Compiling a language of addition

Consider a simple language of addition on integers. The language obviously needs an Add term which should take two add-language-sub-expressions; the language will also need support for integer literals/immediates and variables.

namespace Exp
  data AddExp : Type -> Type where
    Var : var -> AddExp var
    Lit : Int -> AddExp var
    Add : AddExp var -> AddExp var -> AddExp var

The goal is to compile add expressions to LLVM assembly. Intuitively this machine will have three instructions (add/print/halt) which all operate on values (i.e. don’t accept complicated expressions as arguments). A value in this case is either an integer literal/immediate (e.g. 2, 3, etc.) or a register (e.g. %x0). The type of values is readily expressed in Idris

data Value : (var : Type) -> Type where
  Var : var -> Value var
  Lit : Int -> Value var

We take registers to be of abstract type var allowing a choice of representation such as strings: e.g. “%tmp0”, “%tmp1”, etc.; a counter: 1, 2, 3 which map to %1, %2, %3, etc.; or any other preferred representation such as the use of real Idris variables.

Cobbling together the type of instructions in Idris requires just three constructors:

  1. Add: add two source values and produce a result in a destination register;
  2. Print: print any value; and
  3. Halt: exit the program.

Although these are broadly sufficient, let’s start with an obvious but problematic encoding of instructions to motivate our ultimate solution

data LlvmInstr : Type -> Type where
  Print1 : Value var -> LlvmInstr var
  Halt1 : LlvmInstr var
  Add1 : var -> Value var -> Value var -> LlvmInstr var

Of course a program is a sequence of instructions so as a necessary extension of LlvmInstr we should consider the type of programs LlvmProgram. Naturally we model programs as lists of instructions which are to be executed in order. This intuitively captures the flat, linear way that assembly programs are written down:

LlvmProgram : Type -> Type
LlvmProgram var = List (LlvmInstr var)

Unfortunately however, the naive approach to compiling addition expressions to a list of llvm instructions will fail. To understand why, consider the difficulty of compiling naked values directly to an assembly instruction

compile1 : AddExp String -> LlvmProgram String
compile1 (Var x) = ?compileVar
compile1 (Lit z) = ?compileLit
compile1 (Add e1 e2) = compile e1
                    ++ compile e2
                    ++ ?addE1E2 {- use results of compile e1/e2 in Add1 instr? -}

There are two obviously identifiable problems with the above

  1. as noted it’s unclear how to compile variables and literals; and
  2. extracting the results of e1 and e2 to add together is unobvious (additionally, we should ask where this result could be placed).
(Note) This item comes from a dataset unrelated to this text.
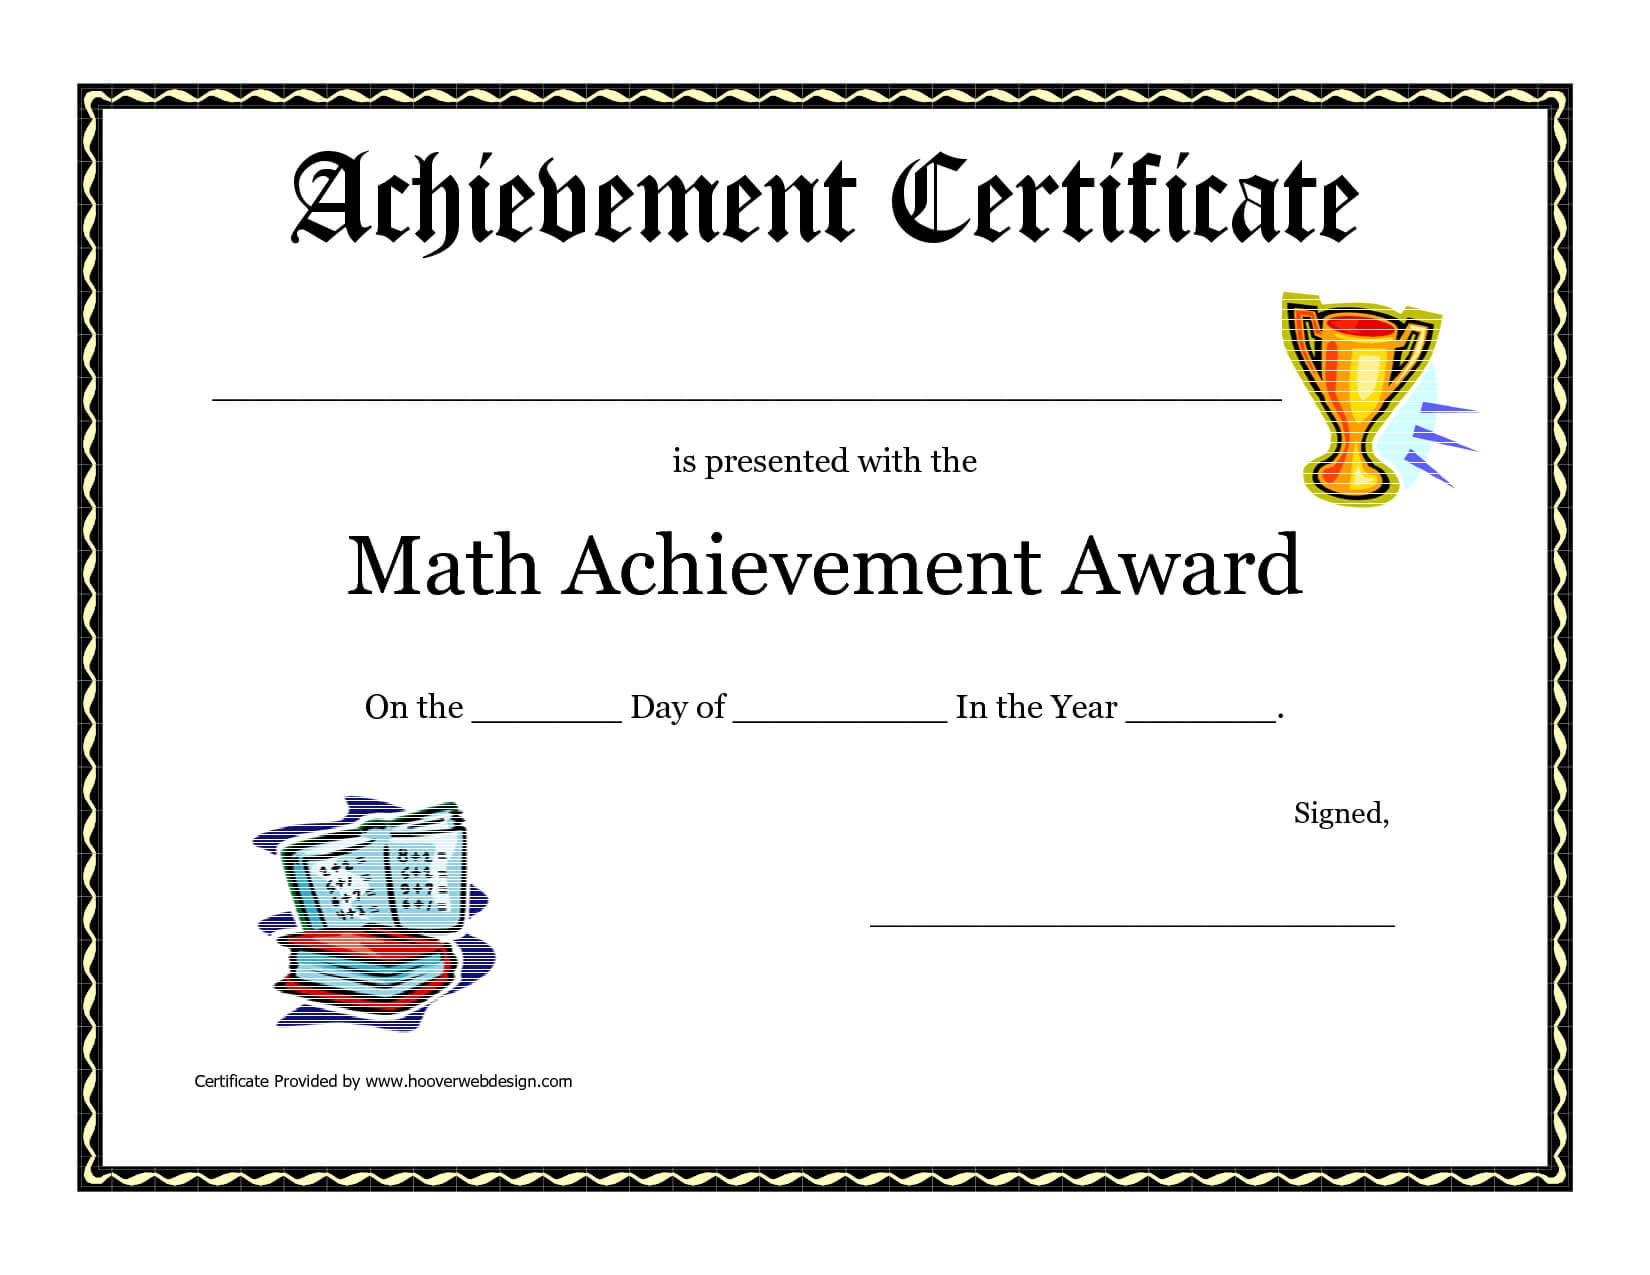 Math Achievement Award Printable Certificate Pdf | Math Regarding Math Certificate Template

Variables and int values don’t have a natural representation in assembly because values aren’t valid instructions; contrast this with the expression language: values are valid expressions. A naked value in an expression is simply returned, e.g. the expression “2” simply evaluates to the result “2”; however even if we had some return instruction Ret, the compiled program compile (Lit z) = [Ret z] will be wrong. Compiling values to return statements means programs such as Add (Lit 2) (Lit 3) produce

compile1 (Add (Lit 2) (Lit 3))
   = compile1 (Lit 2)
  ++ compile1 (Lit 3)
   ...
   = [Ret 2]
  ++ [Ret 3]
   ...
   = [Ret 2, Ret 3, ...]

Which immediately returns without performing any addition! What about our second problem: where do the intermediate results of compile e1 and compile e2 go? Where is addition of those two results placed?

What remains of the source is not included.